The Cabs/Cops one has been particularly effective with my uncle. The boards are doing exactly what they were intended to do... differentiate the 2 big parties and set the agenda.
The billboards also coincided with Labour's sink in the polls and National's rise. A conicidence?

What this shows again though is that Wellington is in it's own autistic bubble world. Not only do we see politics as more interesting that anyone else but we fail to understand what is happening in the rest of the country. (Me too!)

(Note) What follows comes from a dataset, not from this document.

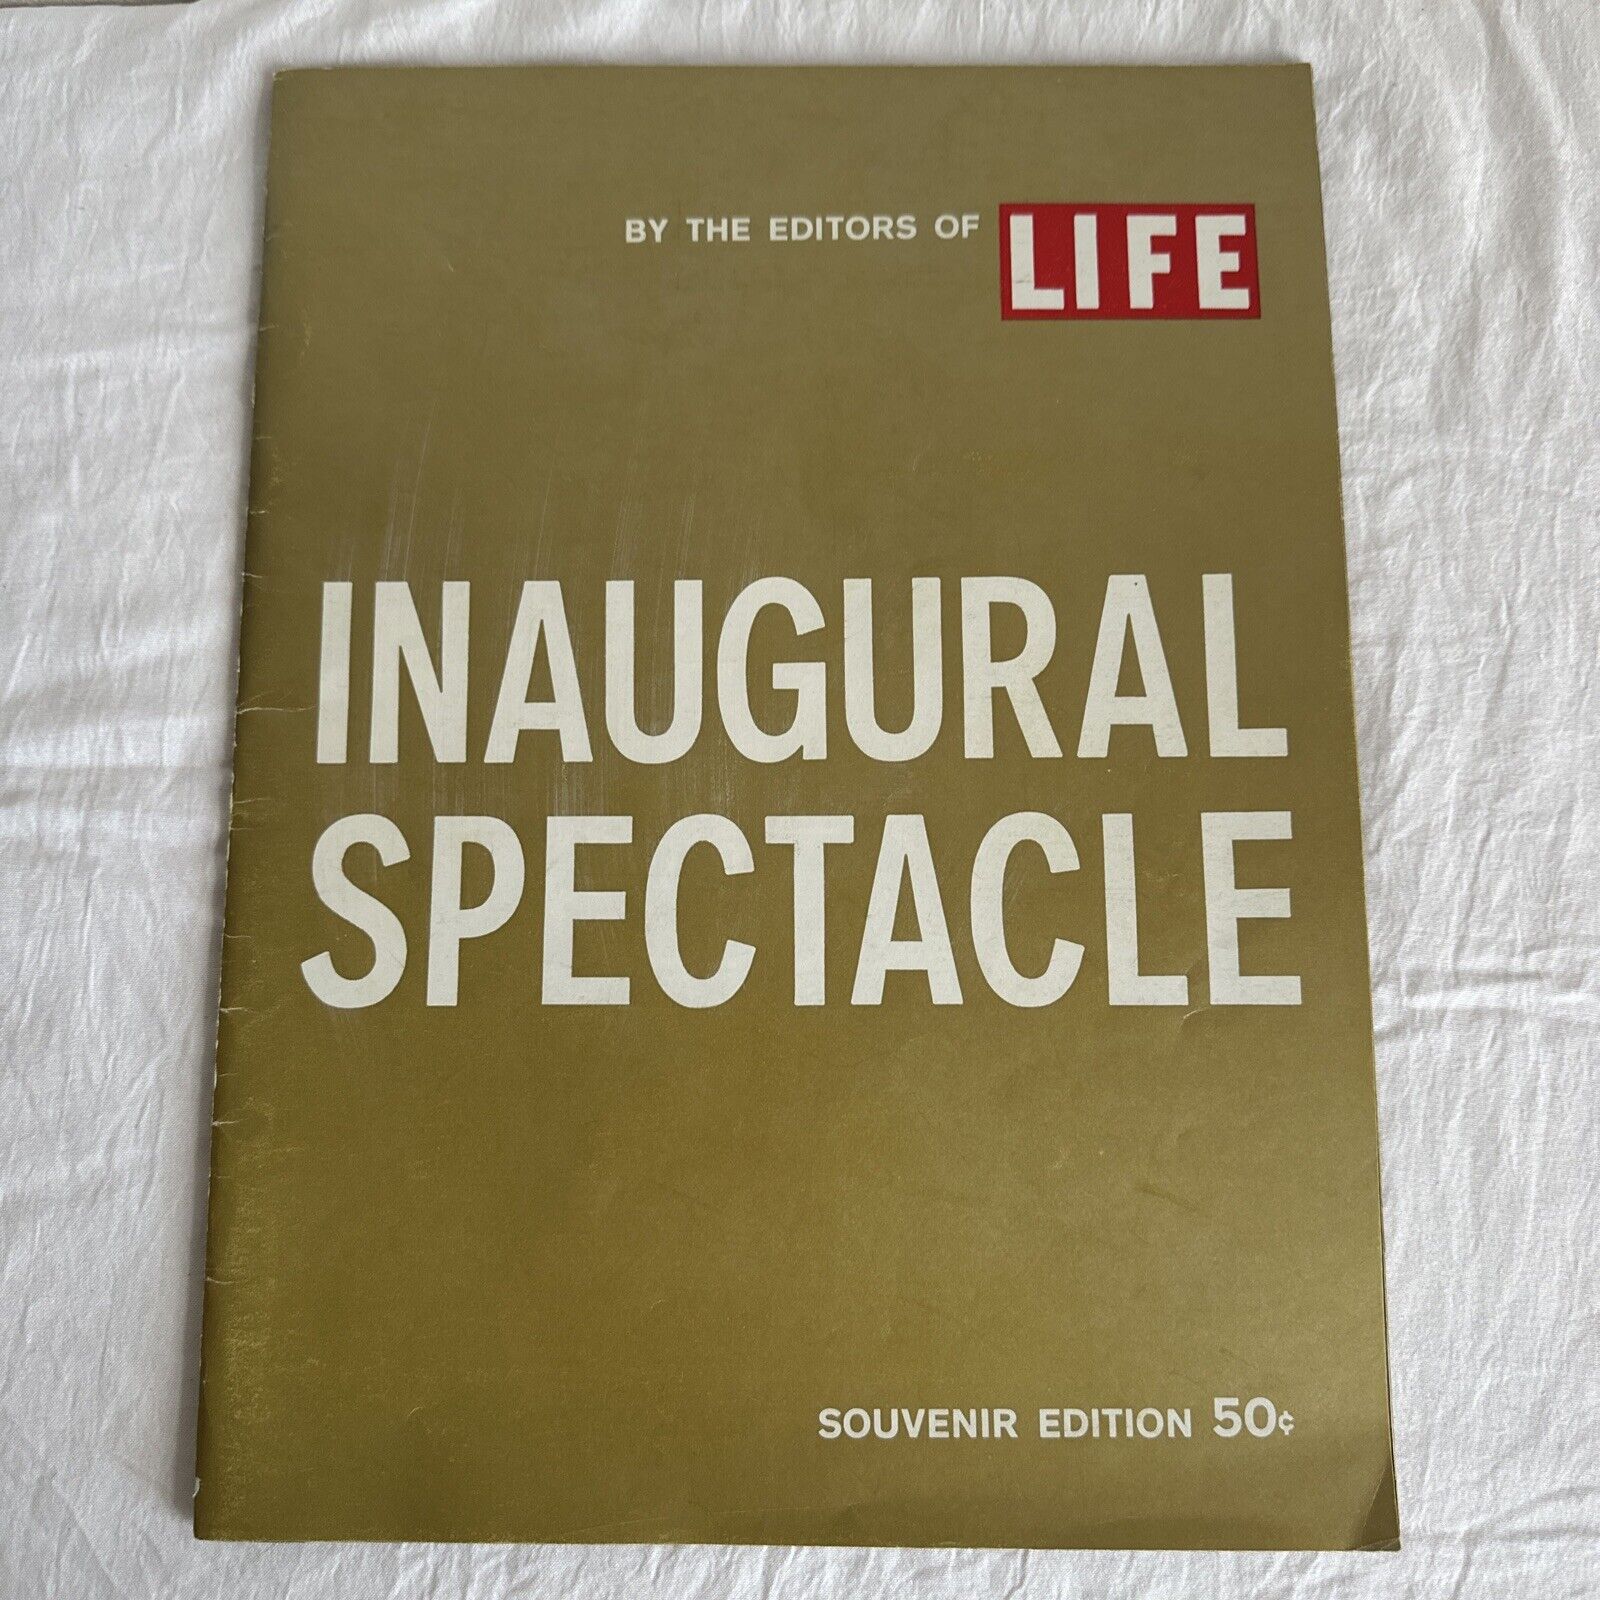 Vintage 1961 Life Magazine J.F. Kennedy “Inaugural Spectacle” Souvenir Edition

I had a friend who had Utopian visions of MPs being made to spend at least 10 months each year out of Wellington as part of a broader vision he called the 'Morris Minor society'. I think he got it wrong: it's everyone else that needs to spend time out in the provinces. There should be a Mao Zedong type programme where Wellington people are made to go and work in the regions slaving away in retail stores on Saturdays for 10 months of the year. Though you can hardly exempt MPs.

Saturday, July 09, 2005

The date of the election

Because we don't know the date of the election we know when it will be. That is - as it hasn't been called yet; it can only be late September.

The question is whether taking the term to the very end has been a good or a bad tactic. There was some talk that it should have been called in January around the time of the John Tamihere kamikazi run into his own career. Force him to go and then call an election. Labour may well have romped home then.

Since then it's got worse. The issue is - was not calling it for August a good idea? As usual there are two views
1) Waiting is better because- National and NZ First support will peakand level giving Labour time to pick up.
2) Waiting is silly because it has allowed National to build and set the agenda. Oh and perhaps Labour is in free fall in the polls and rather than National peaking and levelling Labour will just haemorrhage support.

Personally I think the smart National neo-con billboards and the budget were the turning point waiting to happen, after Labour destroyed the electoral support base it established in 02 bit by bit. National's billboards, the budget, the Benson-Pope situation were catalytic rather than causative of the switch.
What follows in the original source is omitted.